Natalie Czech
I cannot repeat what I hear
Natalie Czech (born 1976 in Neuss, lives in Berlin) is showing her two new series of photographs, Poems by Repetition and Voyelles, in the Remise at the Kunstverein Braunschweig. In these as well as in many others of her photographs, poetry makes up a fundamental component of her motif. Reading in such diverse media as newspapers, picture books and e-books, the artist marks individual words with the intent of uncovering bit by bit the poems that are concealed within the text. She subsequently photographs the images produced by this subjective act of reading, weaving them into an “allegory of reading.”
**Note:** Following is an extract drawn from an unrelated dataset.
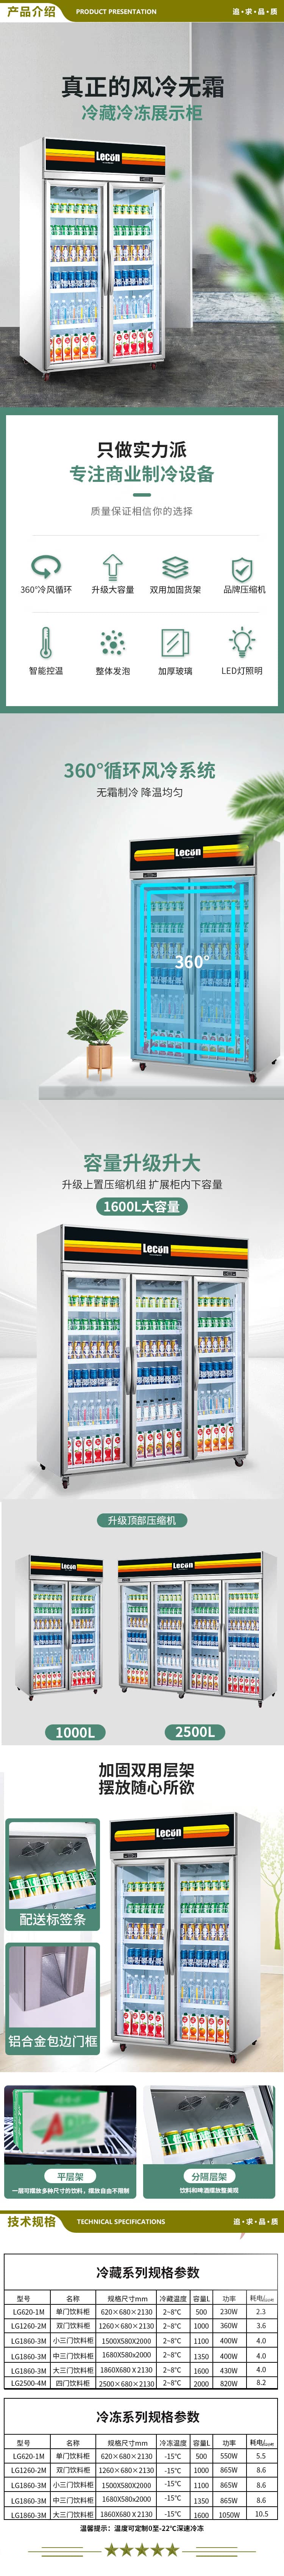 乐创(lecon) L-1860FL-1 超市冰柜商用展示柜冷藏风冷饮料柜士多店便利店冰箱水果冷藏柜保鲜柜大三门  2.jpg

In her Poems by Repetition (2013) series, Natalie Czech expands this idea to encompass an “allegory of writing.” The starting point for the new photographs is Gertrude Stein’s theatre text Saints and Singing(1922), which focuses on repetition as a rhetorical stylistic devise and the wide range of its applications. Employed in a narrative, it facilitates the development of a dynamic, processual and rhythmizing form that leads to a tonal composition in the space—comparable to an echo or a refrain. To this end, Czech has selected poems by such writers as Gertrude Stein and Allen Ginsburg that utilize repetition stylistically. In order to depict them photographically, she makes use for example of a record cover by Pink Floyd, dance step instructions or an iPad advertising photograph. But it is first the multiple illustrations of the motif that are strung together in a group that enable the concealed poem to become visible and legible with the assistance of colored markings. In the case of A poem by repetition by Gertrude Stein, for example, an interview on four tablet computers can be seen that deals with diverse theses on music by German philosophers (Kant, Nietzsche, Marx, Hegel). Not only do contentual references to the respective poem emerge in the individual works from the meticulously researched and selected text fragments but to music in equal measure as well.